The lrc recipe run import/export functionality works perfectly for single run situations where we want to do a deep inspection of everything that happened during the recipe execution. This includes use cases where we need to inspect exceptions raised or details about measured data etc.

However, a lot of our internal use cases work with a large number of test runs - aggregating data, analyzing large sets of tests for failures and so on.

Importing many lrc files has a very large time and memory footprint often times leading to OOM errors in our automation vms that have some resource restrictions.

As such it would be interesting to experiment with other import/export methods that are more suitable for situations where large amounts of recipe runs are expected to be analyzed.
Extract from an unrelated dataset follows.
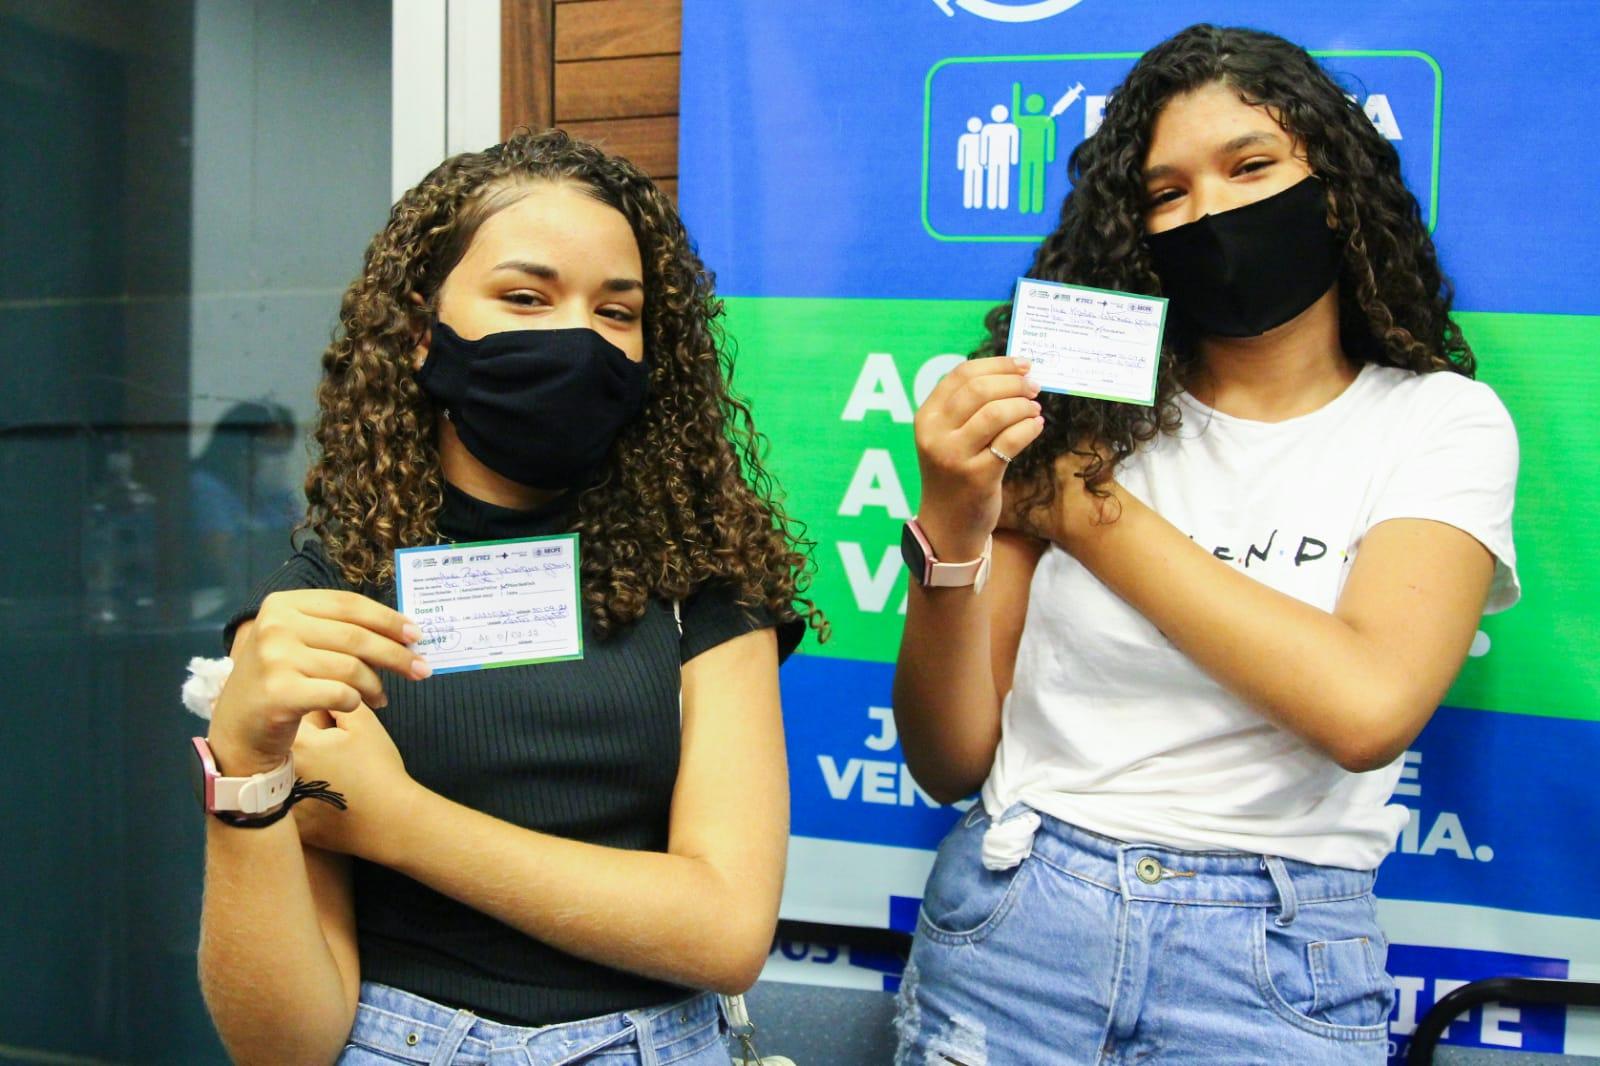 Ana Karla, 13 anos, e Ana Paula, 12 anos, receberam a 1ª dose do imunizante tipo Pfizer contra a Covid-19, no Porto Digital, na Rua do Apolo, nº 235, no Bairro do Recife. (Sandy James/Especial DP)

There are two main ideas we can work with and that can coexist. At the same time neither one of them replaces the usefulness of the full lrc exporting which we think should stay as is for the time being:

  1. alternative export format e.g. json that doesn't replicate the entire process memory structure. My first proposal for this is:
    • Implement a BaseRunRecipeFormatter class that defines the common interface of run recipe formatter classes, which should most likely be just the https://github.com/LNST-project/lnst/blob/master/lnst/Controller/RunSummaryFormatter.py#L84 format_run method of the summary formatter at the moment
    • implement a new JsonFormatter class that implements the json serialization of individual Result classes defined in: https://github.com/LNST-project/lnst/blob/master/lnst/Controller/RecipeResults.py where we'd serialize the basic data and additionally all of the simple data types that are available from the data properties
    • this should be a relatively simple way to export machine readable json data that should be much simpler for importing, processing only the relevant parts and then cleaning up the unnecessary data that could take a lot of space. The main benefit here is that there are no "back references" to objects which we get with the lrc files that make it complicated to import just "part" of the data that we're interested in.
  2. import an alternative way to import lrc files - instead of importing the entire lrc file to which we provide an abstract interface via the lnst-project/lrc-file project we create a different EXPLICIT importer, that on import reads the entire lrc file and returns a very specific subset of data that we're interested in for the specific application that we want then cleans up everything. This is IMO a rather much more difficult ordeal as this "return a very specific explicit subset of data" idea is already kind of what the lrc files are TRYING to do however due to the various numbers of references that the lnst objects have between each other we often time pull in other data as well by accident. As such this "importer" would need to be done in a very deliberate way that probably explicitly copies some data points into new data structures without preserving any of the references or by creating new ones where wanted. At the same time which data is interesting is application specific so it could be quite difficult to implement something that is common enough to share in upstream.

@Kuba314 was interested in this write up, let me know if this contains all of the info that we've discussed or if there are still some questions or answers that i forgot about.

Kuba314 commented 1 year ago

Everything is in there. I'll start with option 1 and go from there.